- [Required action] Print only the lines that begin at the line containing "Queensland Children's Hospital" and end at the last line of the material, both included, without any change.

- [Working data]
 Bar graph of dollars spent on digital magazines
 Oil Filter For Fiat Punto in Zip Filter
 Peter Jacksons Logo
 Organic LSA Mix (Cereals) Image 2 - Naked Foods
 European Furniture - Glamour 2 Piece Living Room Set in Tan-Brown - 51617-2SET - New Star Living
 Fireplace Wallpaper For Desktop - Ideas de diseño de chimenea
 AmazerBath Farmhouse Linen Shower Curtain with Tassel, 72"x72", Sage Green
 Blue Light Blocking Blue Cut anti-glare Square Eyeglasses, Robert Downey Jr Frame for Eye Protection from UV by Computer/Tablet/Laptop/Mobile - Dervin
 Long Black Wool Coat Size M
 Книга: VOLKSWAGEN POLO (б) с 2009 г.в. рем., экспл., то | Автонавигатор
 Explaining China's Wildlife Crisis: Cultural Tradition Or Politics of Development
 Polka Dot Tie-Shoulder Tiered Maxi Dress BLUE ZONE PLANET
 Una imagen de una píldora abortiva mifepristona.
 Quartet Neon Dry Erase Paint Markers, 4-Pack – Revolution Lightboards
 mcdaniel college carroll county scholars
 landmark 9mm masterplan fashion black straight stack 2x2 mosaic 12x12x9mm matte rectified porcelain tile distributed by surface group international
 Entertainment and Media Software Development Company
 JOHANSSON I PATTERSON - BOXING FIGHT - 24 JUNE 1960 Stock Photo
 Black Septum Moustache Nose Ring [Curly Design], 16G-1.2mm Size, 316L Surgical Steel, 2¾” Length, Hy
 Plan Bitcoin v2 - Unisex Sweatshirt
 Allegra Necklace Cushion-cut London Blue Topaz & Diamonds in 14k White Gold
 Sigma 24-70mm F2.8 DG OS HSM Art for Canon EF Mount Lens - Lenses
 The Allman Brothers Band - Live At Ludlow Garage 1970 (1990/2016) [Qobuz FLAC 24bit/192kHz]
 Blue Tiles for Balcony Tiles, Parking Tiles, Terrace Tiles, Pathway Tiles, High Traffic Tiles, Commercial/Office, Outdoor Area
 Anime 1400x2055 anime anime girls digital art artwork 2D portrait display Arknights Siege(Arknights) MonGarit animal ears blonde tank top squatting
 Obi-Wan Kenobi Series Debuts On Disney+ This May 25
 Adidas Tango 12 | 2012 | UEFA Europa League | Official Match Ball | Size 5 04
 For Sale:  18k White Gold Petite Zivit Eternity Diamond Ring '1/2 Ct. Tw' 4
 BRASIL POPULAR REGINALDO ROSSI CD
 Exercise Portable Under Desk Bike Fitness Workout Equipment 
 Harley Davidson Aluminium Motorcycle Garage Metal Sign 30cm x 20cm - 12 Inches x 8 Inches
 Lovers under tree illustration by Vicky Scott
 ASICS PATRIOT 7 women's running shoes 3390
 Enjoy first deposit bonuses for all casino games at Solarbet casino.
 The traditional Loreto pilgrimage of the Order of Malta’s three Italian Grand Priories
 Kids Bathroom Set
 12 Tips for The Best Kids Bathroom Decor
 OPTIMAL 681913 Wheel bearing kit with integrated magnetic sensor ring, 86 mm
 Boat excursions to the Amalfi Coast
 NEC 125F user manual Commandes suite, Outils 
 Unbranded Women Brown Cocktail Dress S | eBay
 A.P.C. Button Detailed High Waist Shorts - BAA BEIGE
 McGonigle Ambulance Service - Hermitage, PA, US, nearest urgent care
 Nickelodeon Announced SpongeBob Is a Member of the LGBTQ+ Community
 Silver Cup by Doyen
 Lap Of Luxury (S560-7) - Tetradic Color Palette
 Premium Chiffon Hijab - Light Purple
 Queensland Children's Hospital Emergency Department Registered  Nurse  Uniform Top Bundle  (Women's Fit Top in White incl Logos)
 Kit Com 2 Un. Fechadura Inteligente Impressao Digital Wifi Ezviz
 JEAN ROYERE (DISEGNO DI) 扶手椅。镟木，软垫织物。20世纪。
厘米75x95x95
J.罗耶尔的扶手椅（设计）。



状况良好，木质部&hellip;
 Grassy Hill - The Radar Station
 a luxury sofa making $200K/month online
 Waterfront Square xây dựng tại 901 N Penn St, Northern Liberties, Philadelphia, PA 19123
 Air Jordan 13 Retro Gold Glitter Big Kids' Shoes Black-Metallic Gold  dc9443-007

- [Written solution]
 Queensland Children's Hospital Emergency Department Registered  Nurse  Uniform Top Bundle  (Women's Fit Top in White incl Logos)
 Kit Com 2 Un. Fechadura Inteligente Impressao Digital Wifi Ezviz
 JEAN ROYERE (DISEGNO DI) 扶手椅。镟木，软垫织物。20世纪。
厘米75x95x95
J.罗耶尔的扶手椅（设计）。



状况良好，木质部&hellip;
 Grassy Hill - The Radar Station
 a luxury sofa making $200K/month online
 Waterfront Square xây dựng tại 901 N Penn St, Northern Liberties, Philadelphia, PA 19123
 Air Jordan 13 Retro Gold Glitter Big Kids' Shoes Black-Metallic Gold  dc9443-007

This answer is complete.